* [Exercise]: Using the material below, print the line that contains "Trudon - Abd", the line that contains "Función Polinomial Eponentes", and every line in between, exactly and nothing else.

─── The records

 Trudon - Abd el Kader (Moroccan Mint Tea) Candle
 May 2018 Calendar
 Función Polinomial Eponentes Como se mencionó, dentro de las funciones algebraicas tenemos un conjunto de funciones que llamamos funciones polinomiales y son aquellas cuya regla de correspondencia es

──────
─── The records

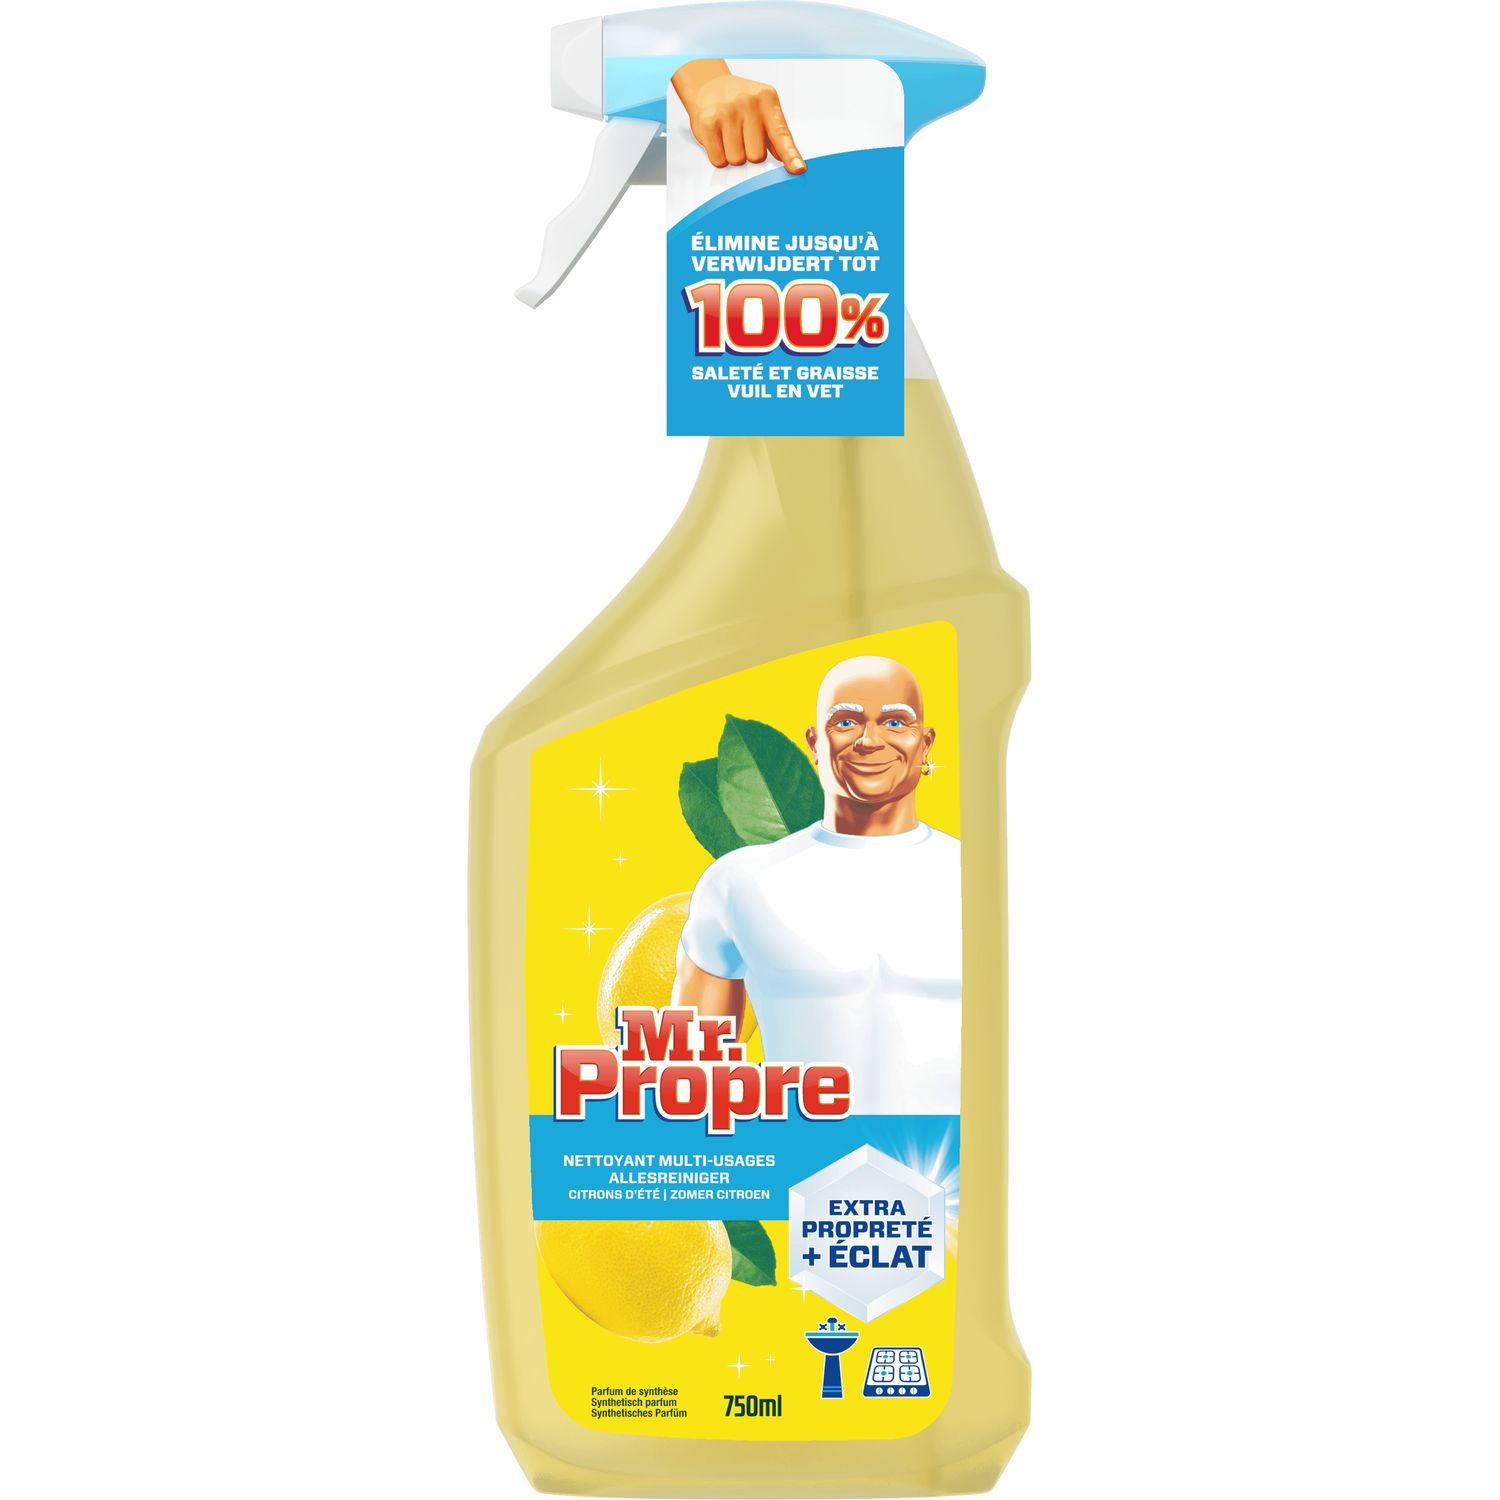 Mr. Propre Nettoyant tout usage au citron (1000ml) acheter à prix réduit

──────

* [Response to the task]:
 Trudon - Abd el Kader (Moroccan Mint Tea) Candle
 May 2018 Calendar
 Función Polinomial Eponentes Como se mencionó, dentro de las funciones algebraicas tenemos un conjunto de funciones que llamamos funciones polinomiales y son aquellas cuya regla de correspondencia es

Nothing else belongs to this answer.